Я тихо ликовал, предвкушая конец своего одиночества и робко рисуя в уме радужные картины назревающего курортного романа с русской, вкусной, аппетитной бабенкой, такой родной и близкой, словно я знал ее давным-давно и все не мог насытиться ее пьянящей близостью.
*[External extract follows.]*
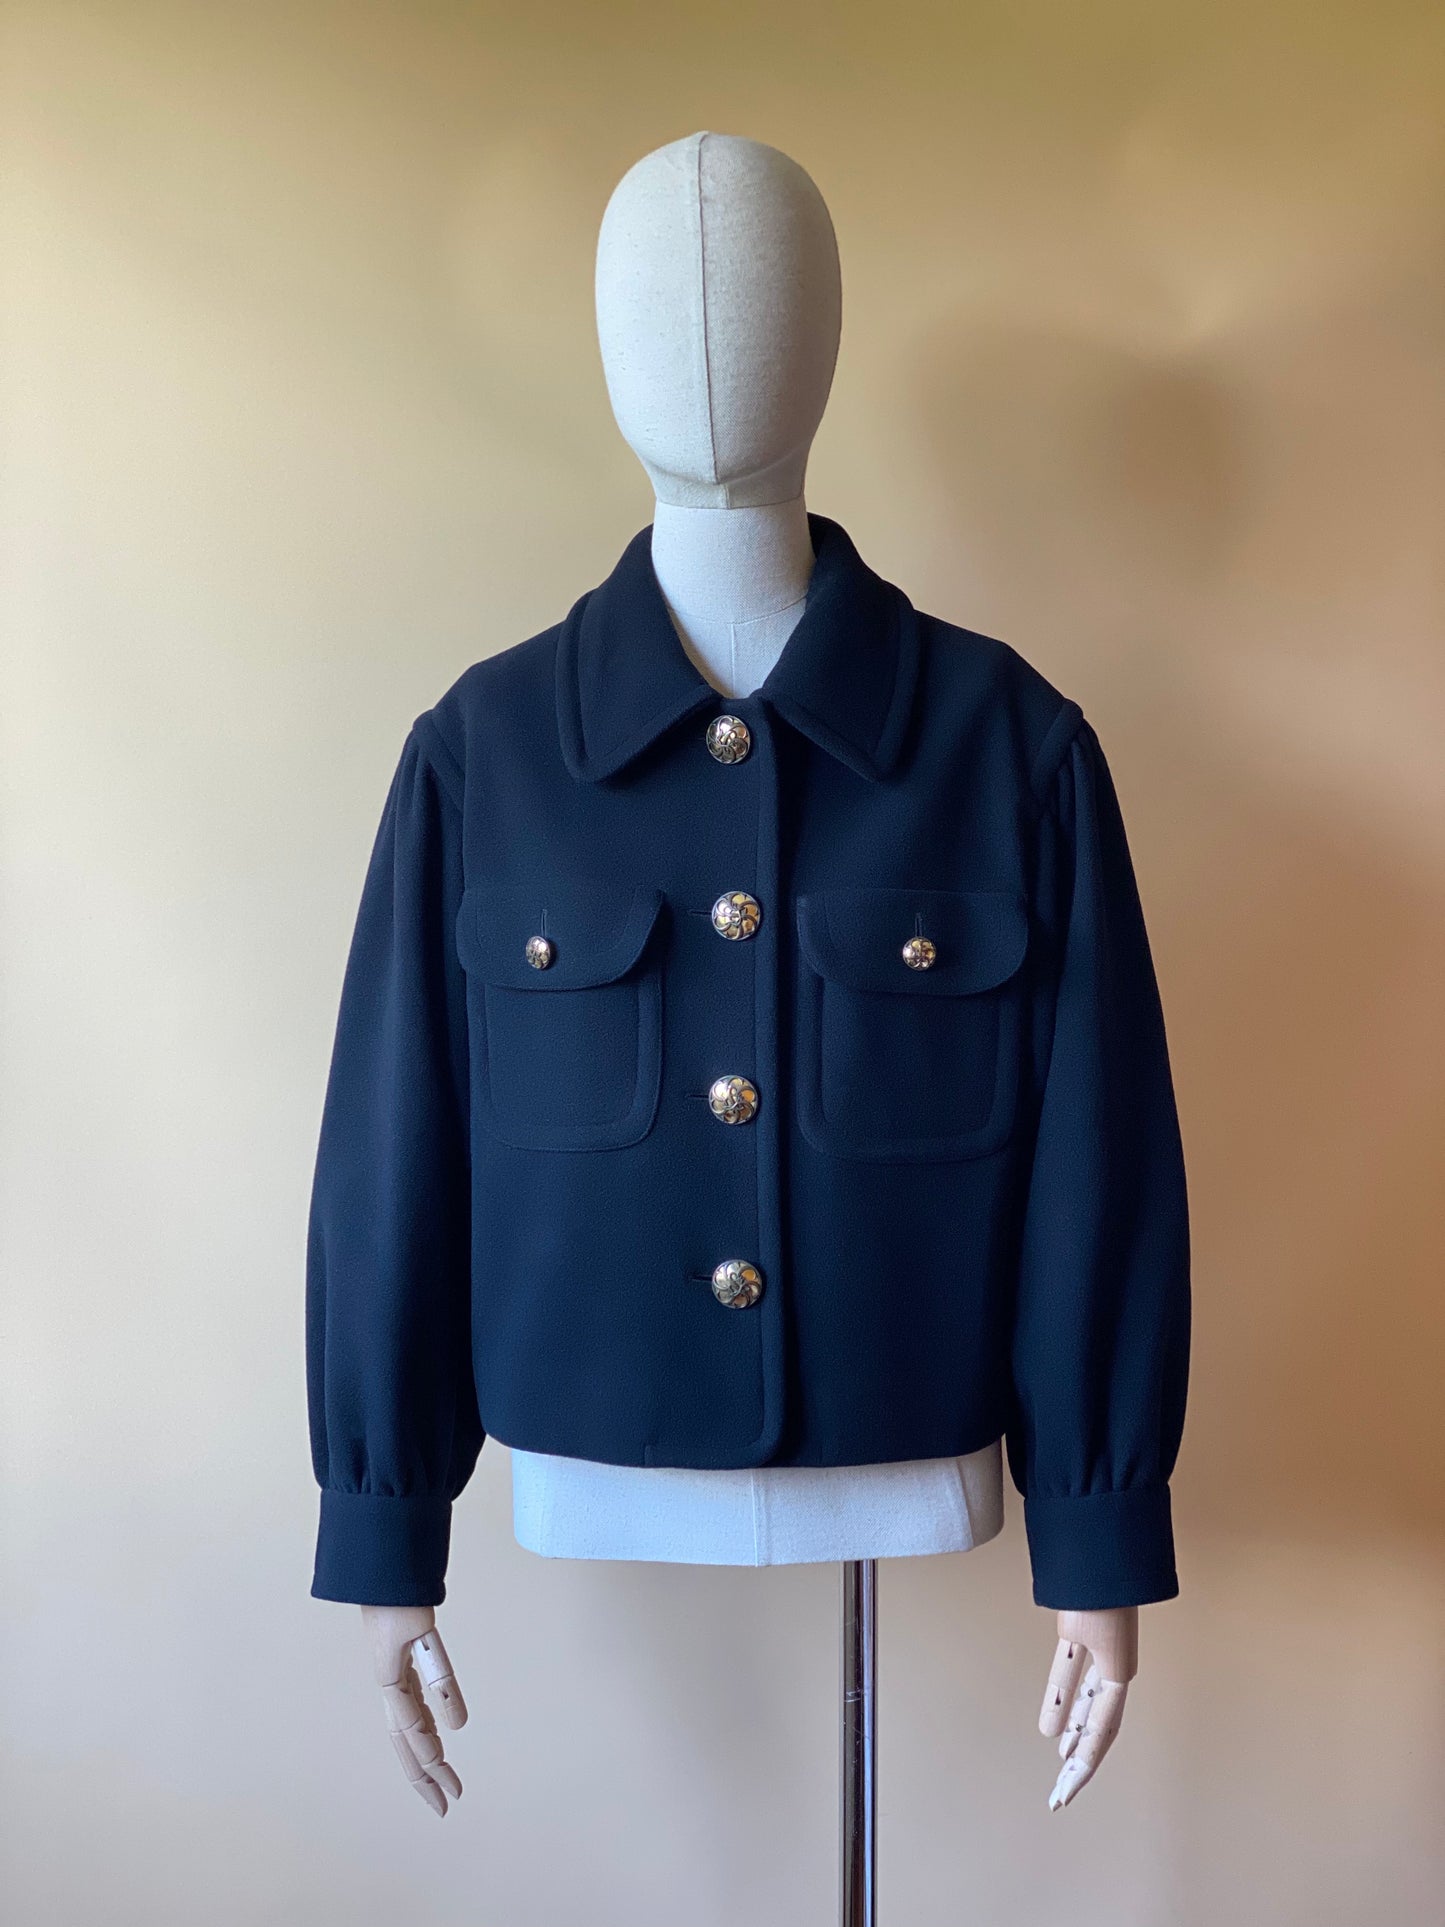 Vintage Moschino Cheap & Chic Wool & Mohair Jacket

Оказалось, что и живем мы в соседних отелях, и уже сговаривались о встрече вечером после коллективного ужина в русской группе, когда она постарается улизнуть от своих и прийти ко мне на свидание. Я предполагал пригласить ее в бар и там накачать болгарским коньяком «Плиска», что заметно ускорило бы наше сближение.
На радостях я расщедрился и предложил в подарок немецкий тюбик с маслом для загара. И немецкую зажигалку. Она повертела в пальцах красную, копеечную зажигалку с рекламой американских сигарет «Кэмэл» и спросила удивленно, почему это у меня все вещи заграничные. И сумка с надписью «Адидас», и солнечные очки, и плавки, и даже зажигалка.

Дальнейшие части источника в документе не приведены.